Go to an event headlined by Eric Adams and you might hear this line: “When COVID hit our shores others fled, I led.”
That’s a main message of his campaign — he is the seasoned politician committed to the five boroughs.
“The reality is Eric Adams has run a disciplined, smart, grassroots, ordinary campaign,” the candidate said earlier this month, referring to himself in the third person.
We examined his official schedule from Brooklyn Borough Hall for all of 2020 — hundreds of pages of meetings and events, before and after COVID-19 hit New York City. NY1 found the borough president, according to that official government schedule, met with campaign donors or attended their companies' functions at least a dozen times last year, sometimes meeting in person, sometimes virtually or on the phone.
It’s unclear how much the borough president was mixing politics with his official duties.
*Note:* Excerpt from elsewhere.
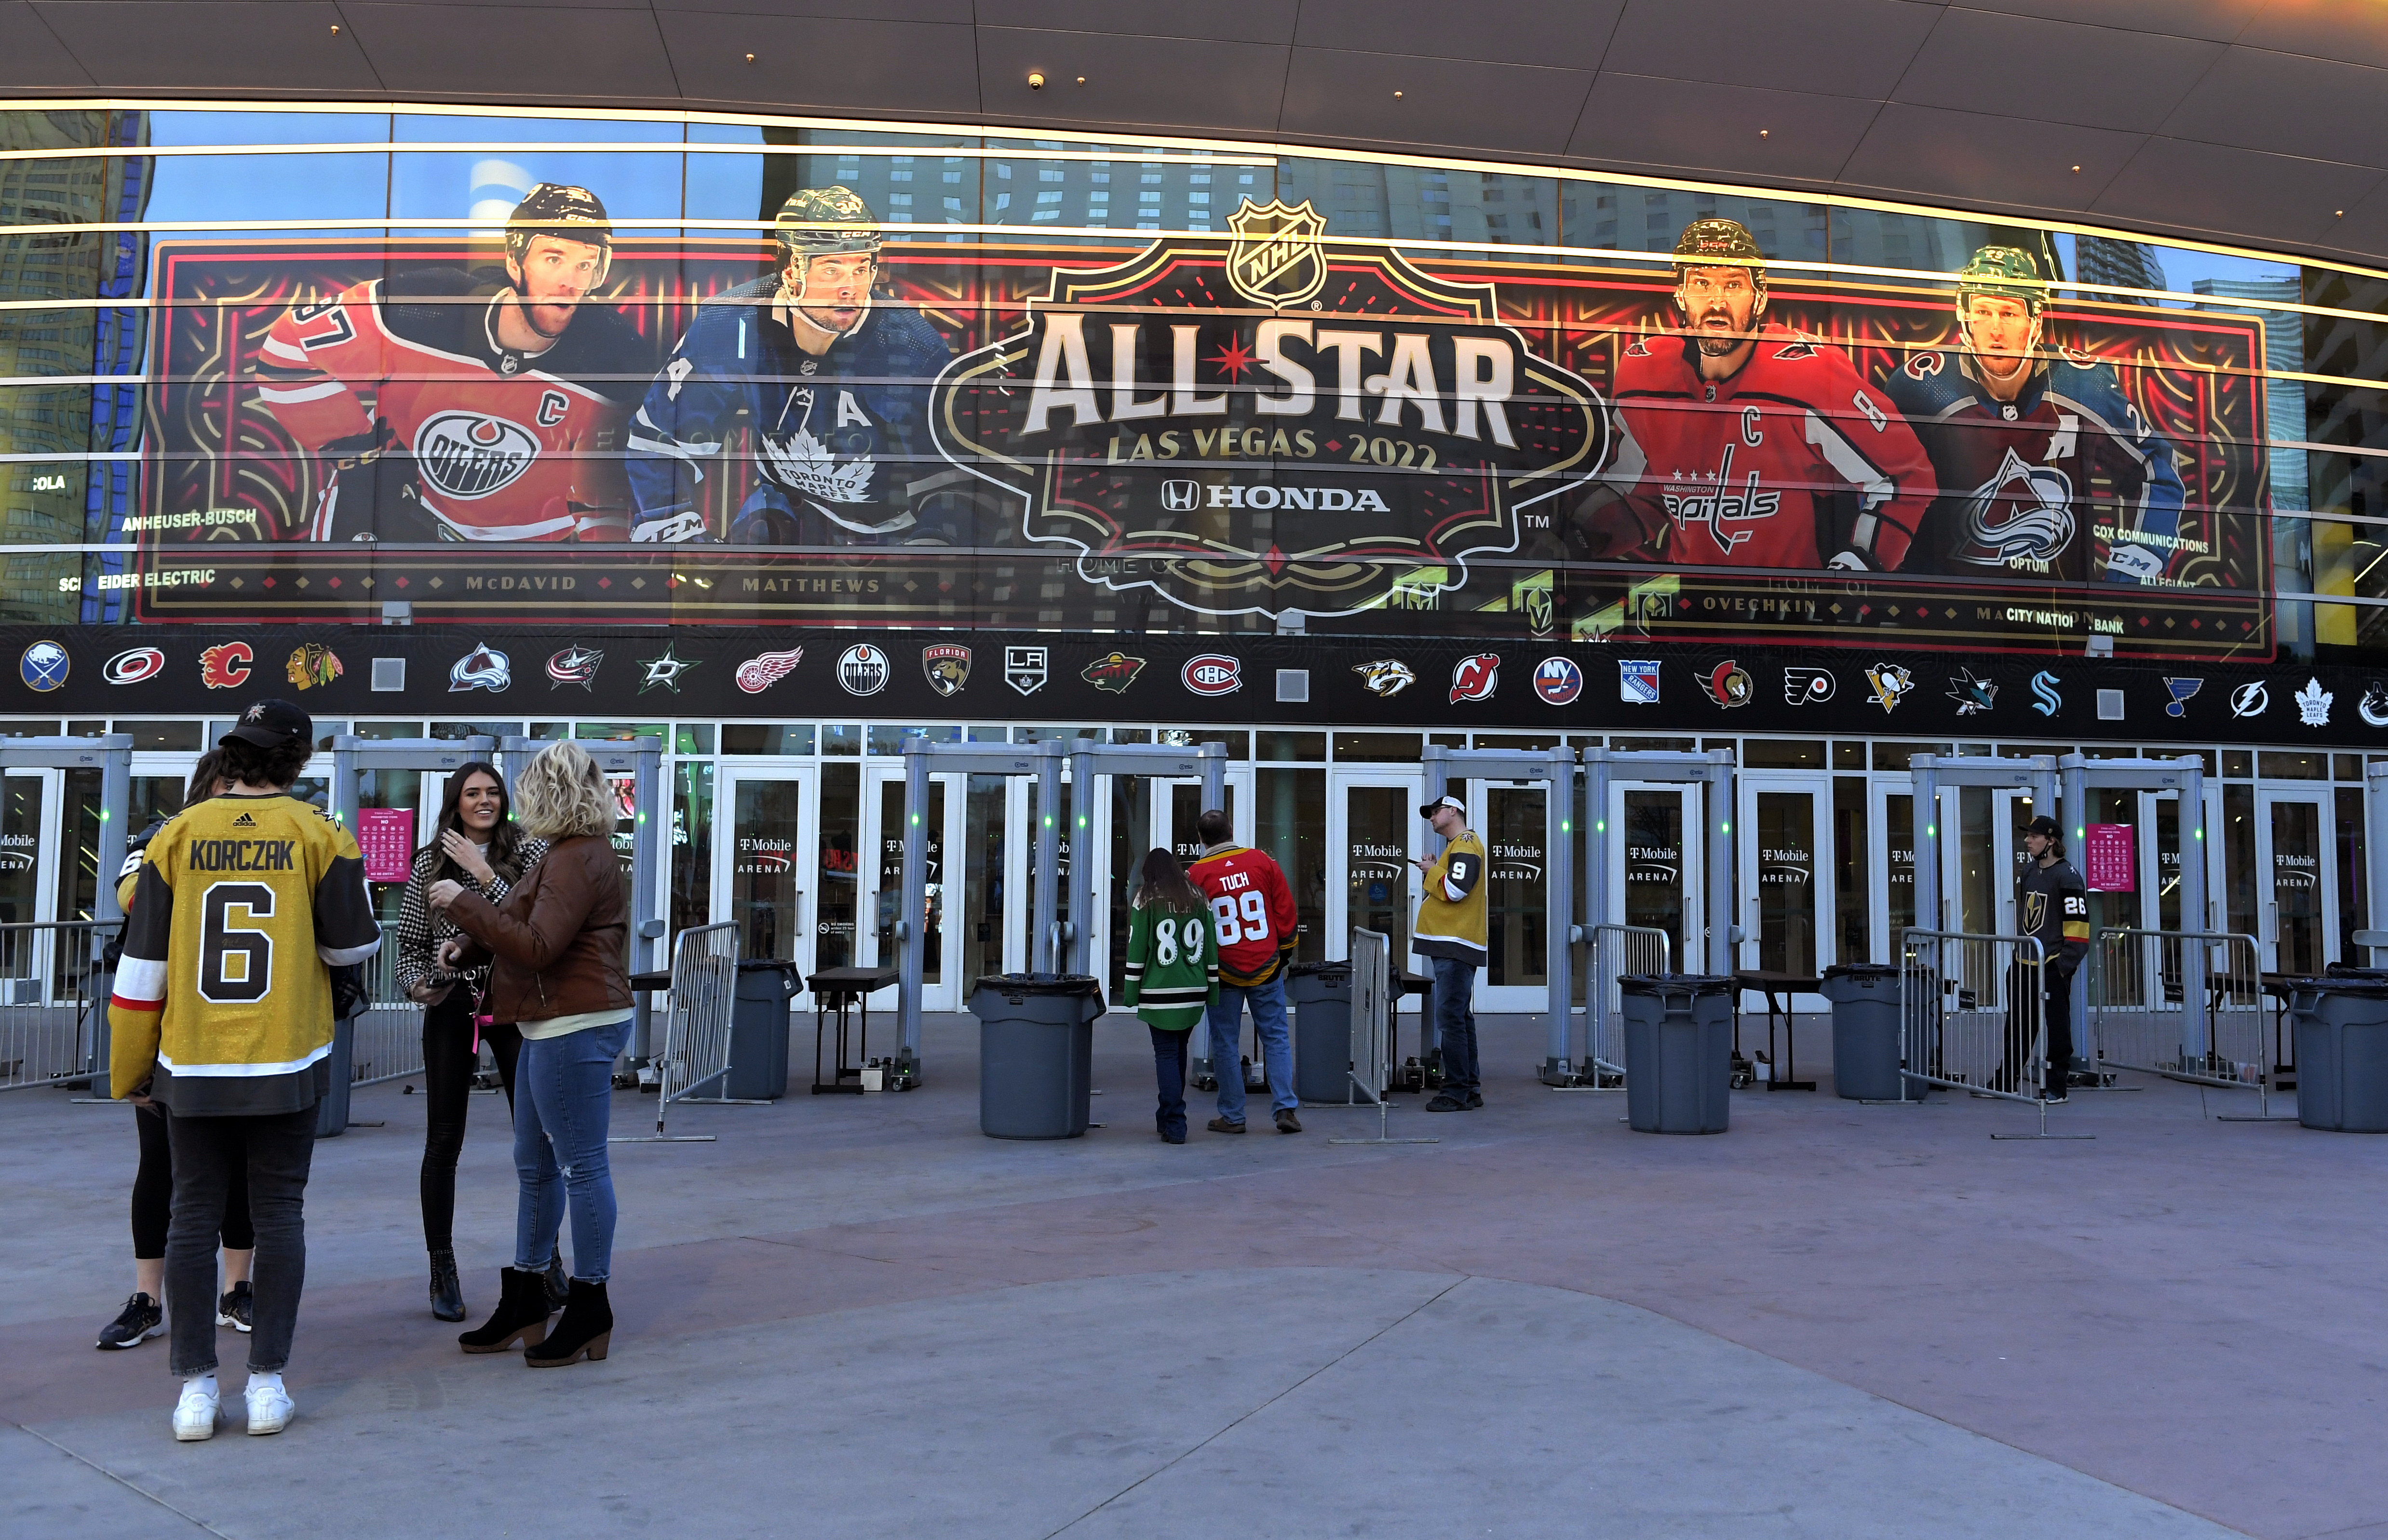 NHL All-Star Game 2022 FREE LIVE STREAM (2/5/22) Time, TV, channel, how to watch online, without cable
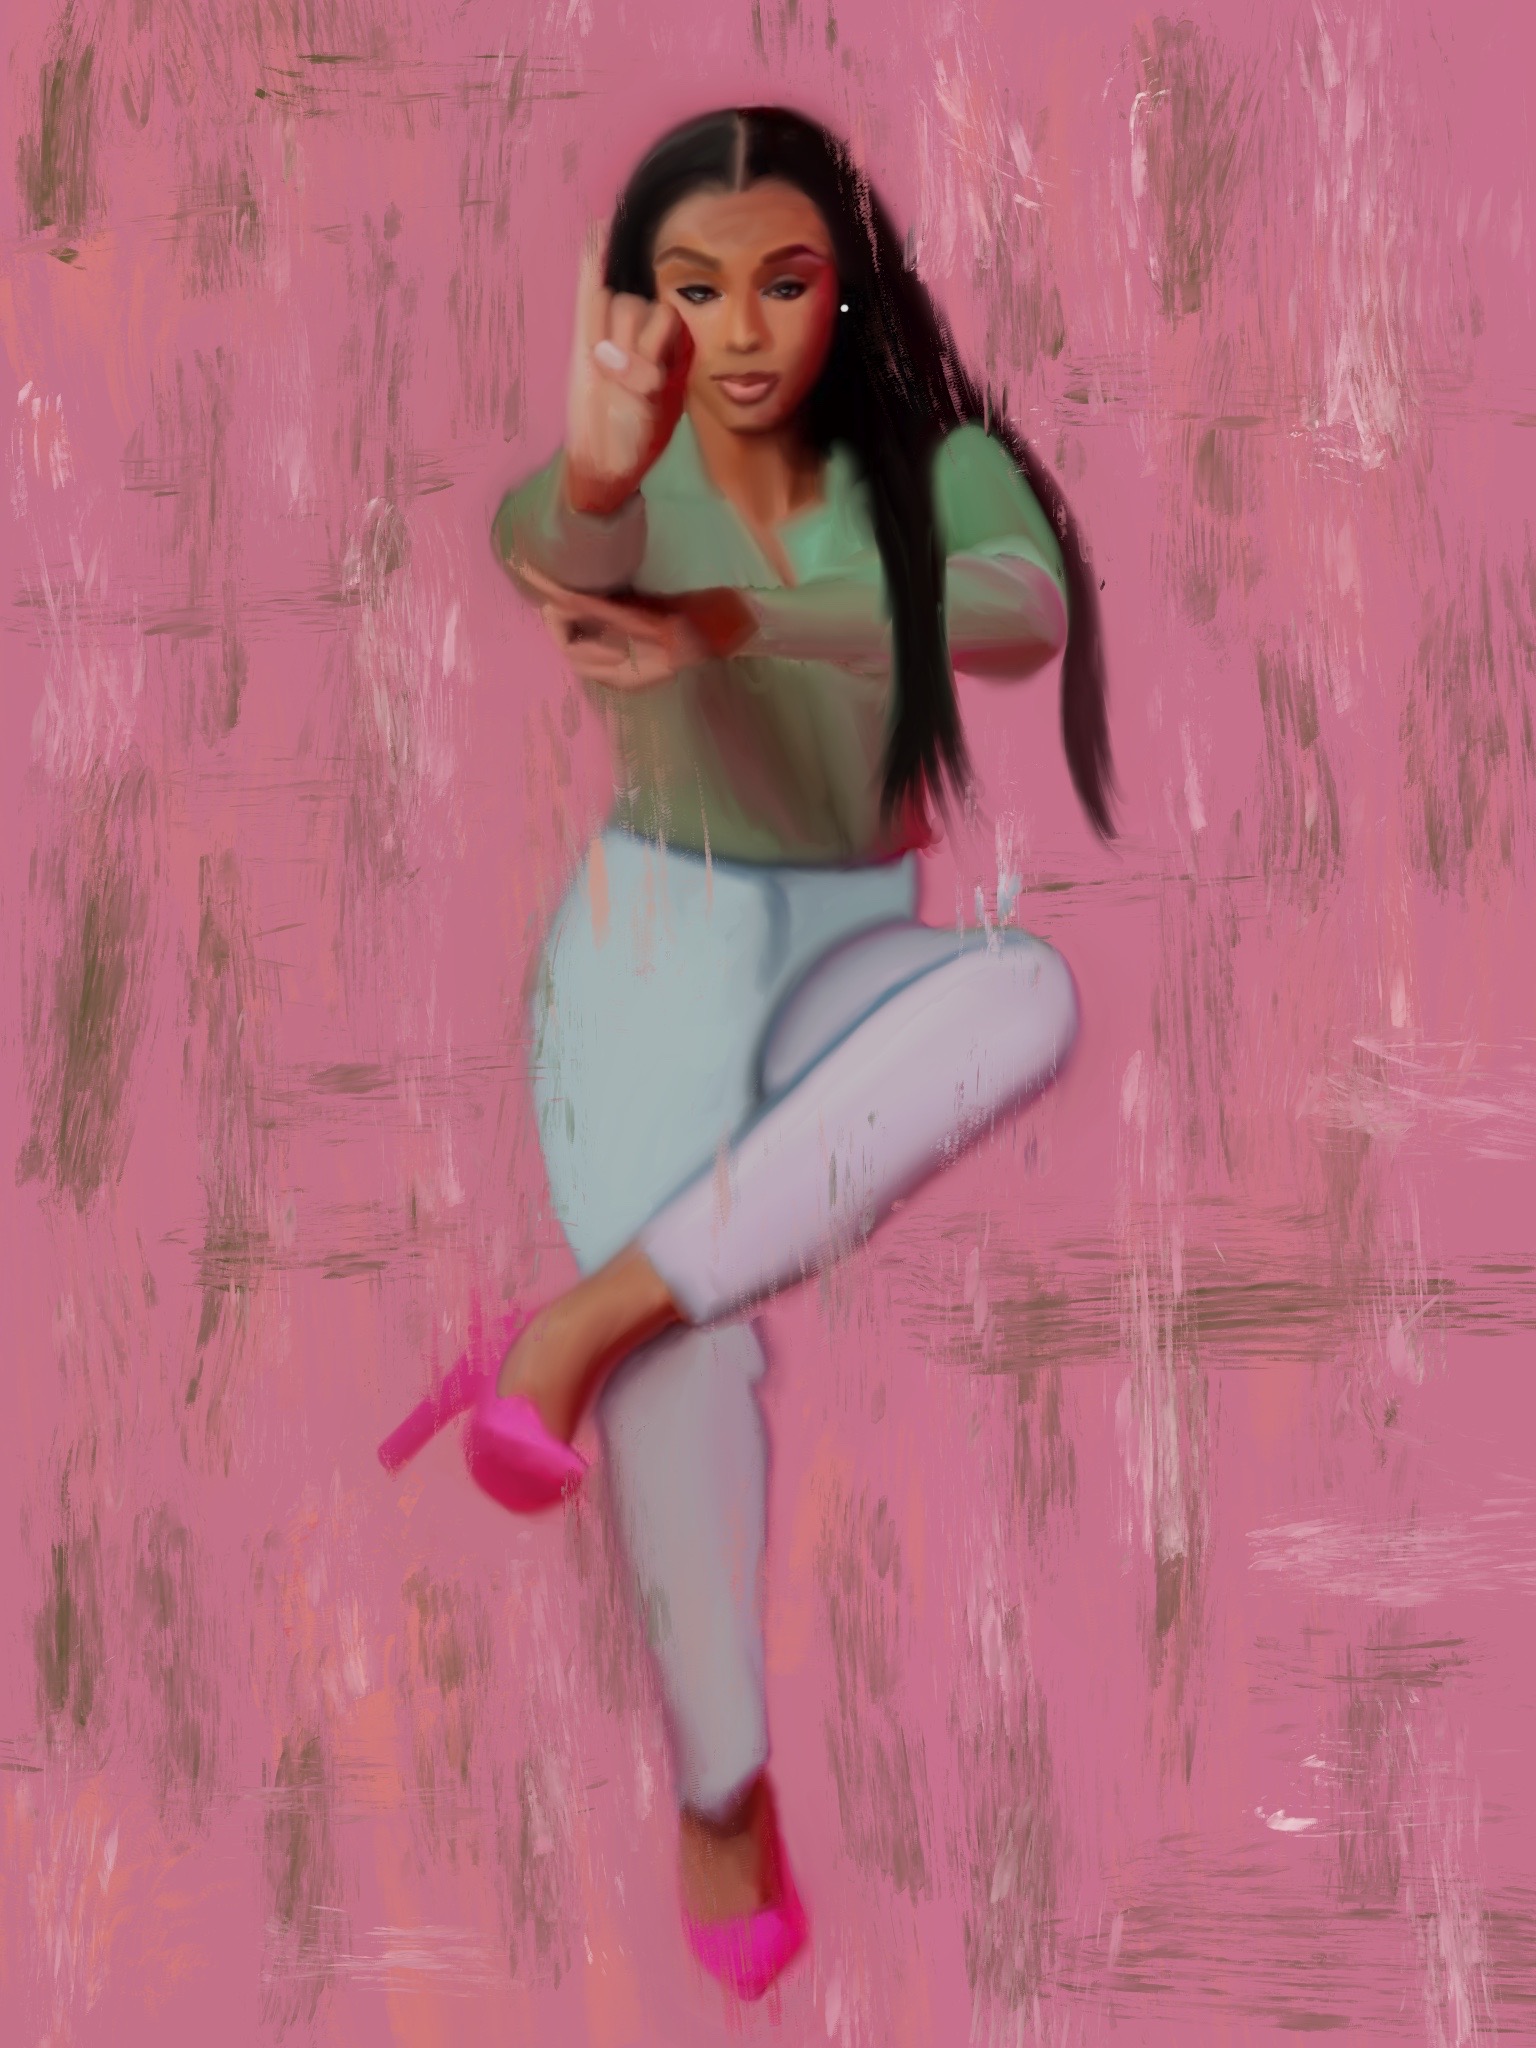 Lady in pink background, representing Alpha Kappa Alpha Sorority, Inc.

For instance, in December 2019 the head of Sussman Education donated to Adams’s mayoral campaign. A few months later, Adams welcomes the company into borough hall to show its latest product. He livestreams a demonstration on his twitter page, promoting the company. The quality of the video was quite poor.
“You’re saying right here you have a library for the children that’s online where they can look at the books, over 6,000 books that they can look at?” Adams prompts the Sussman official.
“Yes,” he replies.
The borough president responds: “That’s amazing.”
The company’s president told NY1 the donation was small and in no way meant it received preferential treatment from the borough president. He added he has known and worked with Adams for years.
Several months later, Adams has a meeting with a lawyer on Zoom. Later in 2020, that lawyer, John Giardino, donated $2,000 to the Adams campaign. Reached by phone, Giardino told NY1 he had contacted the borough president because he wanted to support his mayoral campaign and offer to help any way he could. The borough president’s spokesperson told us the meeting was regarding identifying “ways to advance the BP’s reform vision.”
The review of Adams’s 2020 schedule also makes it clear: Adams welcomed real estate executives and interests into borough hall — some of whom also gave him campaign cash. In October, he held an event with the head of real estate powerhouse SL Green. Several months later, the executive’s wife and several employees donated thousands of dollars to Adams.
Adams’s spokesperson said the borough president never solicits donations at government meetings, and does not conduct fundraising calls from borough hall. He said he also abides by all conflicts of interest rules. In a statement, a spokesperson said: “The borough president interacts with thousands of constituents and organizations annually in his role as Brooklyn Borough President and abides by all campaign finance board rules, guidelines, and policies to ensure no conflicts of interest arise.”
Donations and politics aside, for much of 2020, Adams was handing out masks and meals across the borough — in crisis mode in the midst of COVID-19.
He even lived in Borough Hall off and on for six months.
During lockdown, his official public schedule gets more sparse.
But he was regularly posting videos online — some of them were on somewhat unorthodox subjects for a mayoral candidate, like sleeping or making smoothies.
Adams’s team said the borough president wants all New Yorkers to have healthier habits and lifestyles. As for his own lifestyle – and calendar – Adams would like to bring them both to Gracie Mansion next year.